Шрифт:
Интервал:
Закладка:
— Где же они? — спросил я кого-то.
Но они, разумеется, уже успели разойтись…
Передо мной стояла одна личность, с глупой улыбкой, сама хозяйка, отчасти меня знавшая. Через минуту отворилась дверь, и вошла другая личность.
Не обращая ни на что внимания, я шагал по комнате и, кажется, говорил сам с собой. Я был точно от смерти спасен и всем существом своим радостно это предчувствовал: ведь я бы дал пощечину, я бы непременно, непременно дал пощечину! Но теперь их нет и… всё исчезло, всё переменилось!.. Я оглядывался. Я еще не мог сообразить. Машинально я взглянул на вошедшую девушку: передо мной мелькнуло свежее, молодое, несколько бледное лицо, с прямыми темными бровями, с серьезным и как бы несколько удивленным взглядом. Мне это тотчас же понравилось; я бы возненавидел ее, если б она улыбалась. Я стал вглядываться пристальнее и как бы с усилием: мысли еще не все собрались. Что-то простодушное и доброе было в этом лице, но как-то до странности серьезное. Я уверен, что она этим здесь проигрывала, и из тех дураков ее никто не заметил. Впрочем, она не могла назваться красавицей, хоть и была высокого роста, сильна, хорошо сложена. Одета чрезвычайно просто. Что-то гадкое укусило меня; я подошел прямо к ней…
Я случайно погляделся в зеркало.

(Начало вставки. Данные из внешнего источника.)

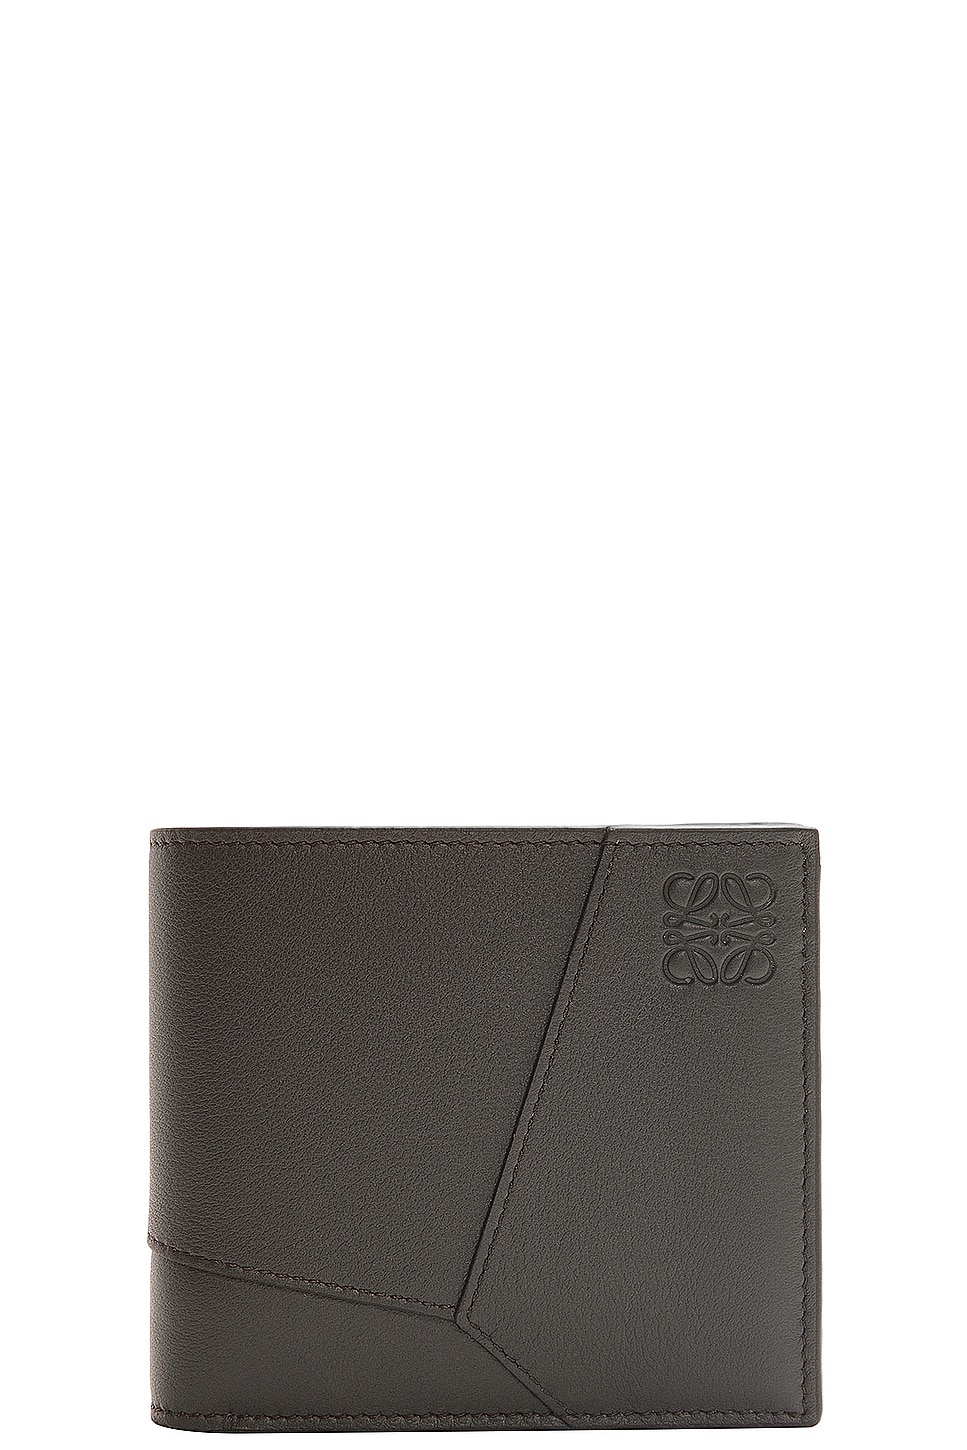 Loewe Puzzle Bifold Wallet In Classic Calfskin in Dark Green

Взбудораженное лицо мое мне показалось до крайности отвратительным: бледное, злое, подлое, с лохматыми волосами. «Это пусть, этому я рад, — подумал я, — я именно рад, что покажусь ей отвратительным; мне это приятно…»
VI
…Где-то за перегородкой, как будто от какого-то сильного давления, как будто кто-то душил их, — захрипели часы. После неестественно долгого хрипенья последовал тоненький, гаденький и как-то неожиданно частый звон, — точно кто-то вдруг вперед выскочил. Пробило два. Я очнулся, хоть и не спал, а только лежал в полузабытьи.
В комнате узкой, тесной и низкой, загроможденной огромным платяным шкафом и забросанной картонками, тряпьем и всяческим одежным хламом, — было почти совсем темно. Огарок, светивший на столе в конце комнаты, совсем потухал, изредка чуть-чуть вспыхивая. Через несколько минут должна была наступить совершенная тьма.
Я приходил в себя недолго; всё разом, без усилий, тотчас же мне вспомнилось, как будто так и сторожило меня, чтоб опять накинуться. Да и в самом забытьи все-таки в памяти постоянно оставалась как будто какая-то точка, никак не забывавшаяся, около которой тяжело ходили мои сонные грезы. Но странно было: всё, что случилось со мной в этот день, показалось мне теперь, по пробуждении, уже давным-давно прошедшим, как будто я уже давно-давно выжил из всего этого.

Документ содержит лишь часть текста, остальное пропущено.